Computational Identification of Essential Enzymes as Potential Drug Targets in Shigella flexneri Pathogenesis Using Metabolic Pathway Analysis and Epitope Mapping

Shigella flexneri is a facultative intracellular pathogen that causes bacillary dysentery in humans. Infection with S. flexneri can result in more than a million deaths yearly and most of the victims are children in developing countries. Therefore, identifying novel and unique drug targets against this pathogen is instrumental to overcome the problem of drug resistance to the antibiotics given to patients as the current therapy. In this study, a comparative analysis of the metabolic pathways of the host and pathogen was performed to identify this pathogen’s essential enzymes for the survival and propose potential drug targets. First, we extracted the metabolic pathways of the host, Homo sapiens, and pathogen, S. flexneri, from the KEGG database. Next, we manually compared the pathways to categorize those that were exclusive to the pathogen.
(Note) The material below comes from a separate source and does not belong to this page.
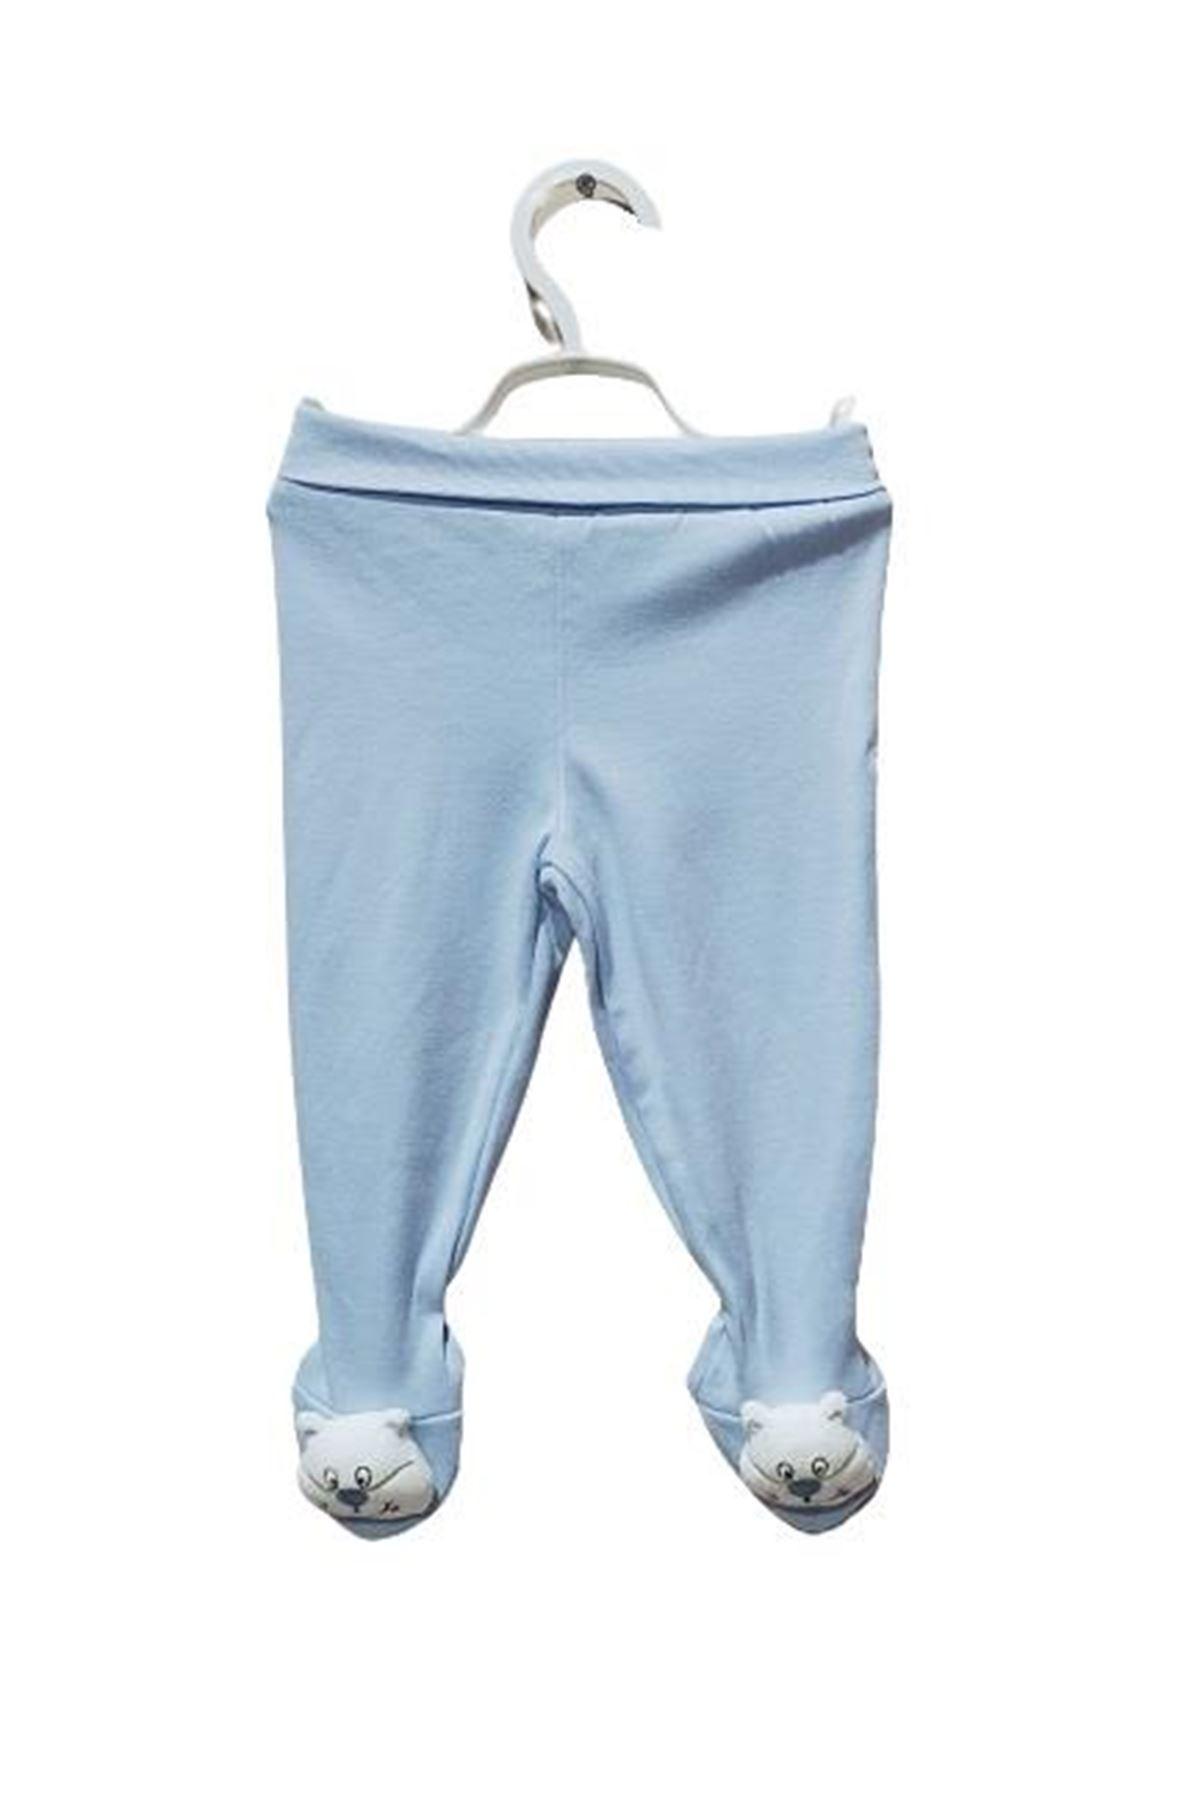 Albimini Minidamla Düz Oyuncaklı Patikli Pantolon 44178 Mavi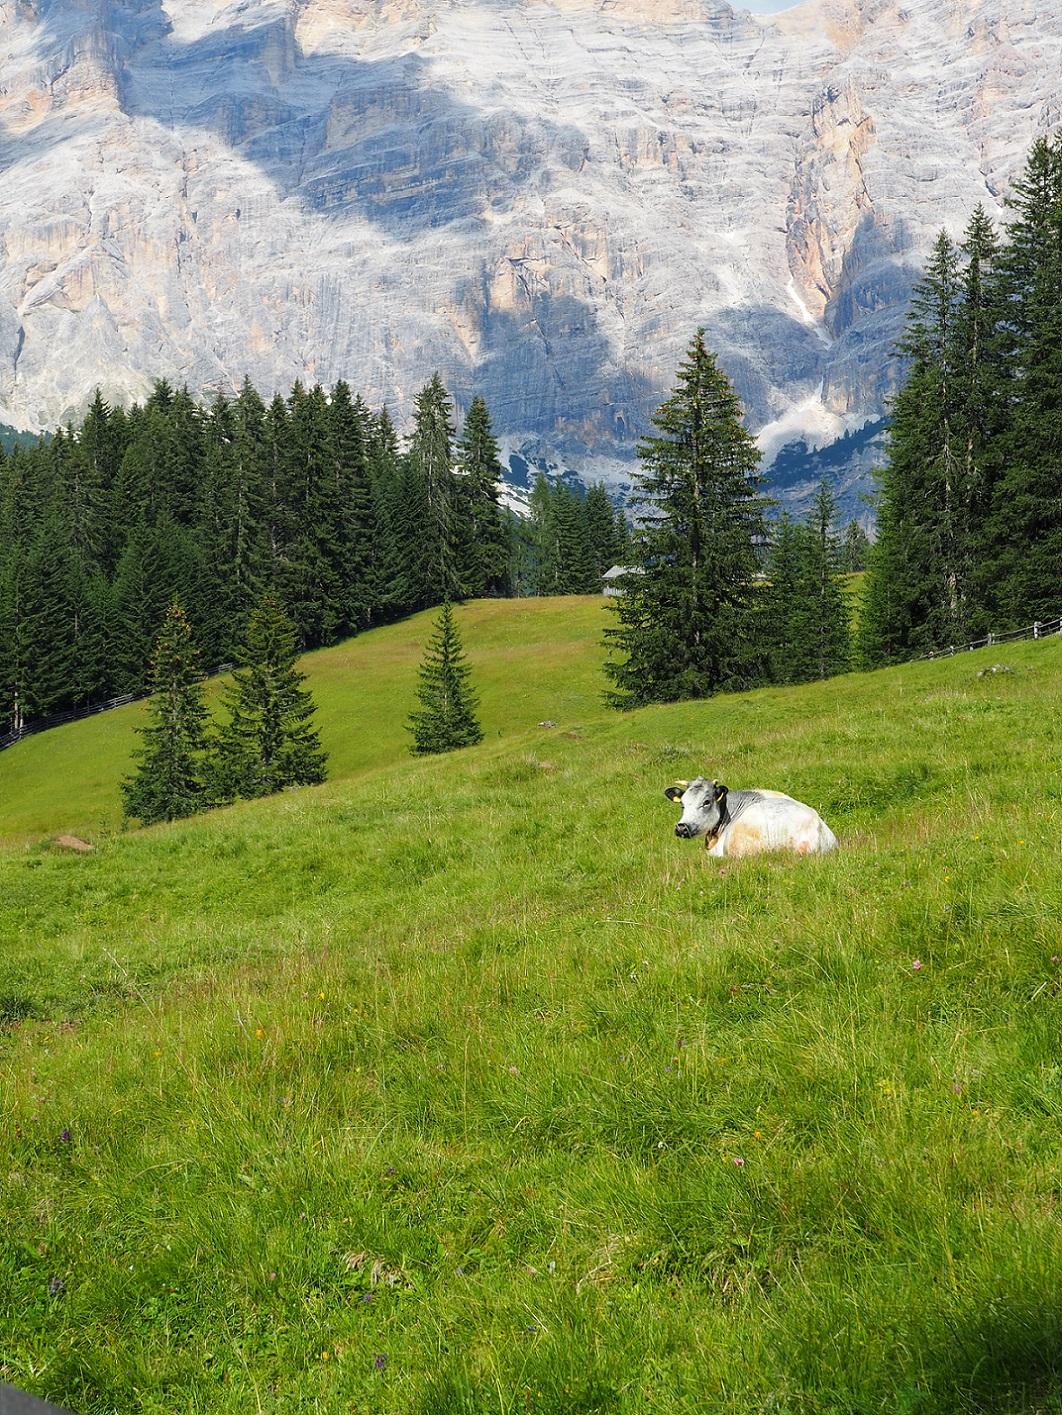 Découvrez 3 idées de randonnées dans les Dolomites, depuis Corvara in Badia et Colfosco

Further, all enzymes for the 26 unique pathways were extracted and submitted to the Geptop tool to identify essential enzymes for further screening in determining the feasibility of the therapeutic targets that were predicted and analyzed using PPI network analysis, subcellular localization, druggability testing, gene ontology and epitope mapping. Using these various criteria, we narrowed it down to prioritize 5 novel drug targets against S. flexneri and one vaccine drug targets against all strains of Shigella. Hence, we suggest the identified enzymes as the best putative drug targets for the effective treatment of S. flexneri.